◆ **Information provided**
———

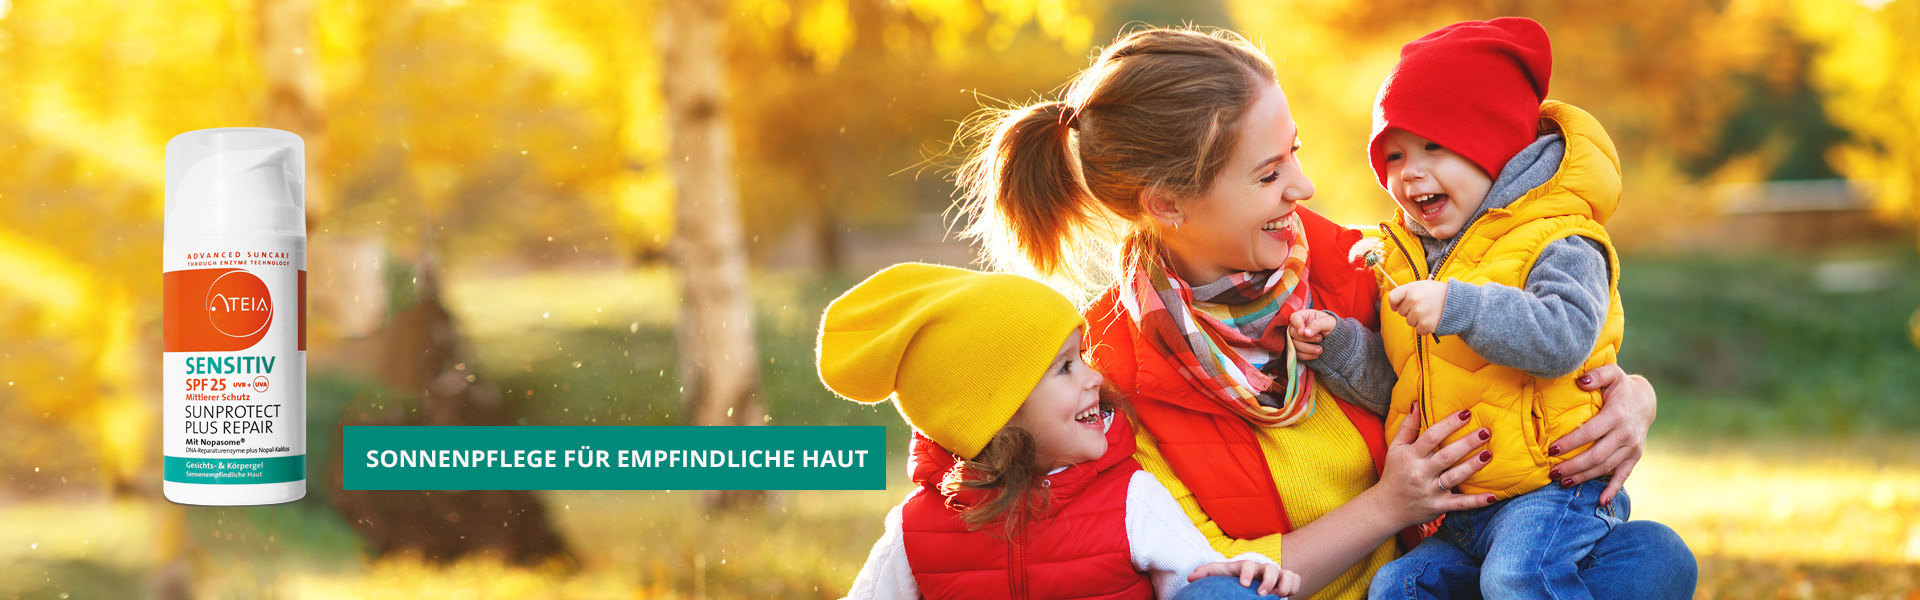 sonnenpflege-empfindlich-de-2019
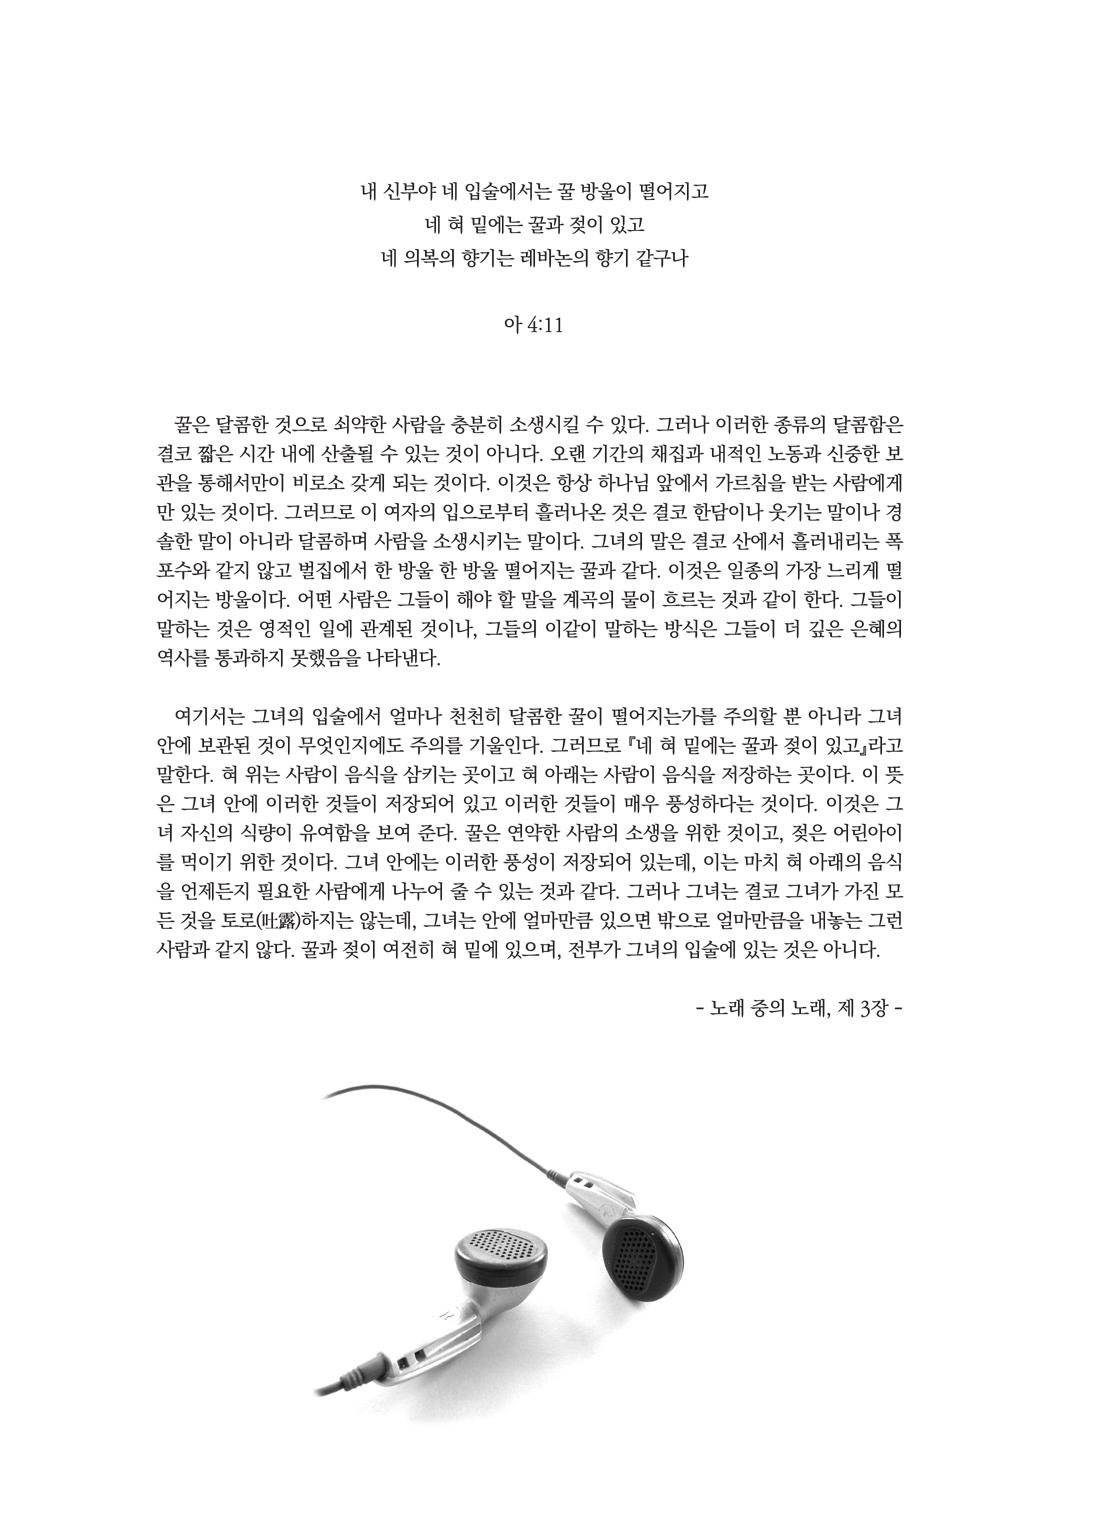 찬양 악보집 초안 8p.jpg
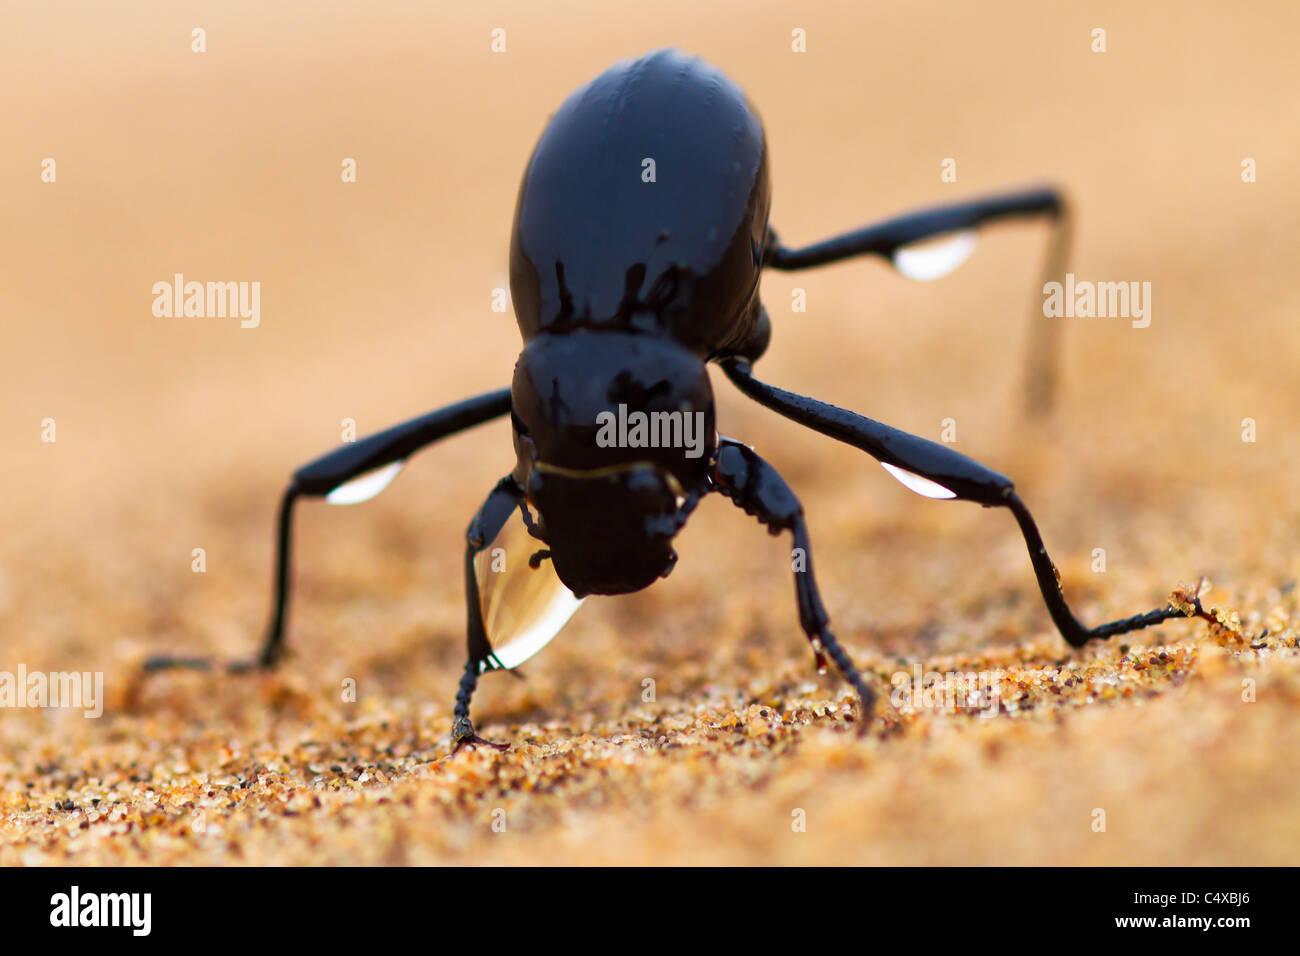 The Namib Desert beetle (genus Stenocara) fog basking. Namibia - Stock Image
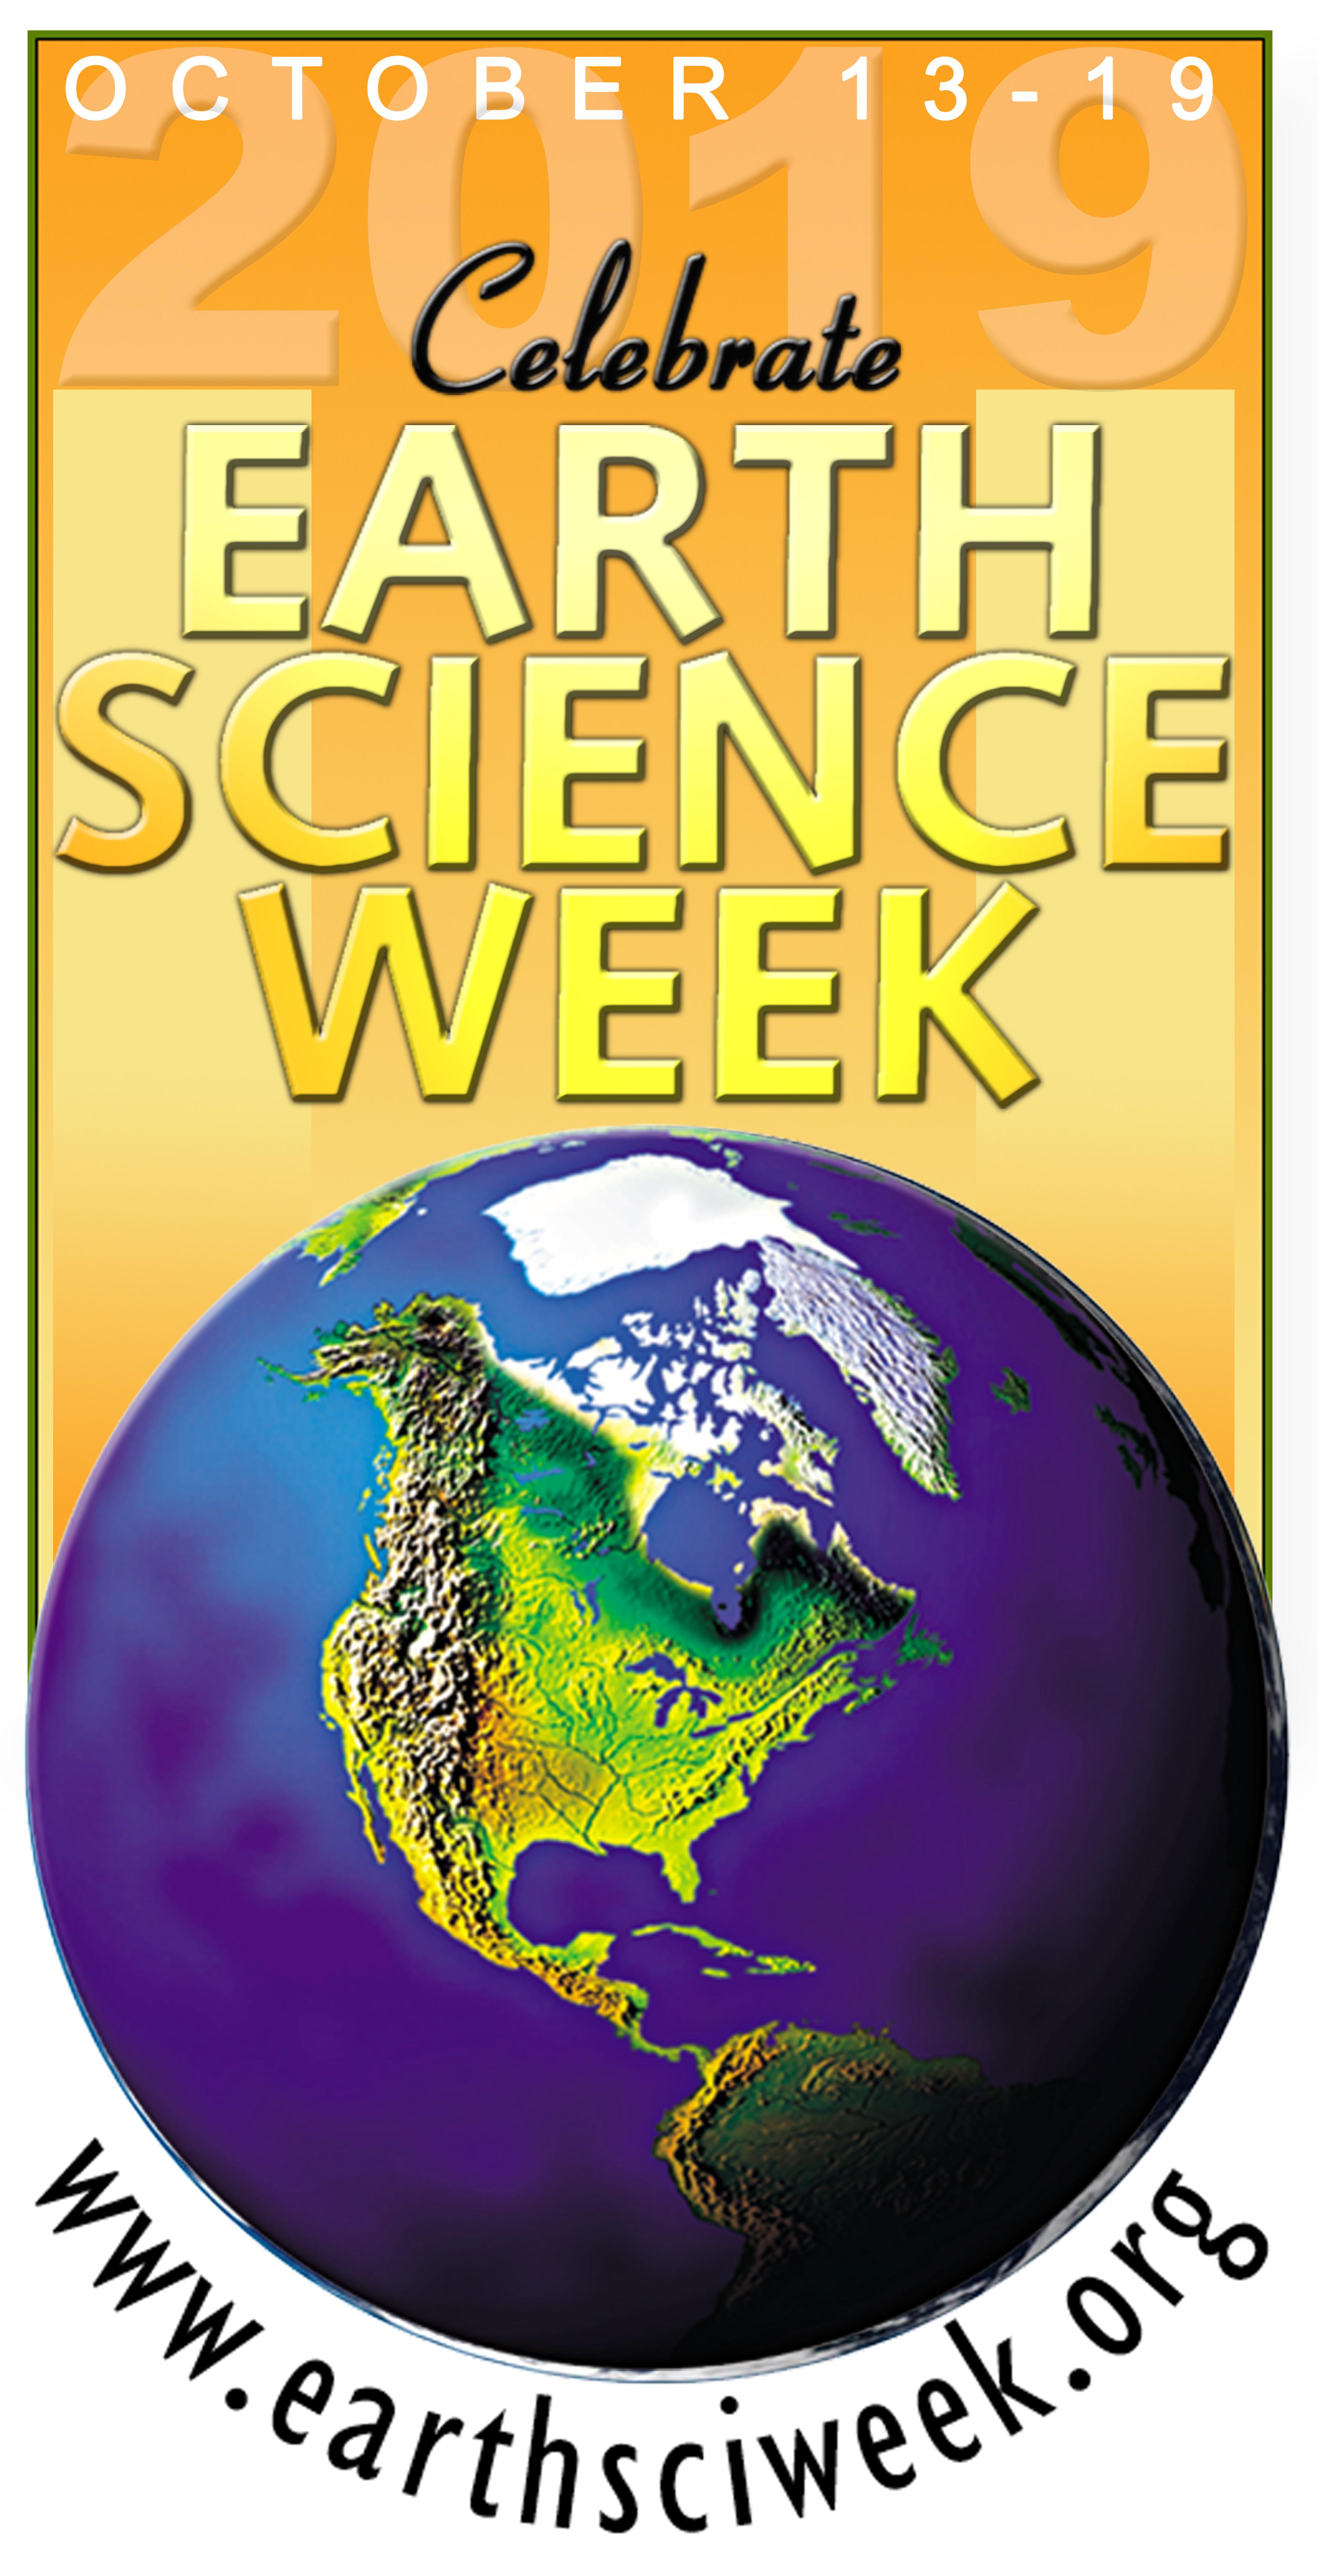 Earth Science Week 2019 vertical logo

———

◆ **About this task**
Without changing a single word, set down all of the material again and leave out its pictures.

◆ **Solution for this task**
 sonnenpflege-empfindlich-de-2019
 찬양 악보집 초안 8p.jpg
 The Namib Desert beetle (genus Stenocara) fog basking. Namibia - Stock Image
 Earth Science Week 2019 vertical logo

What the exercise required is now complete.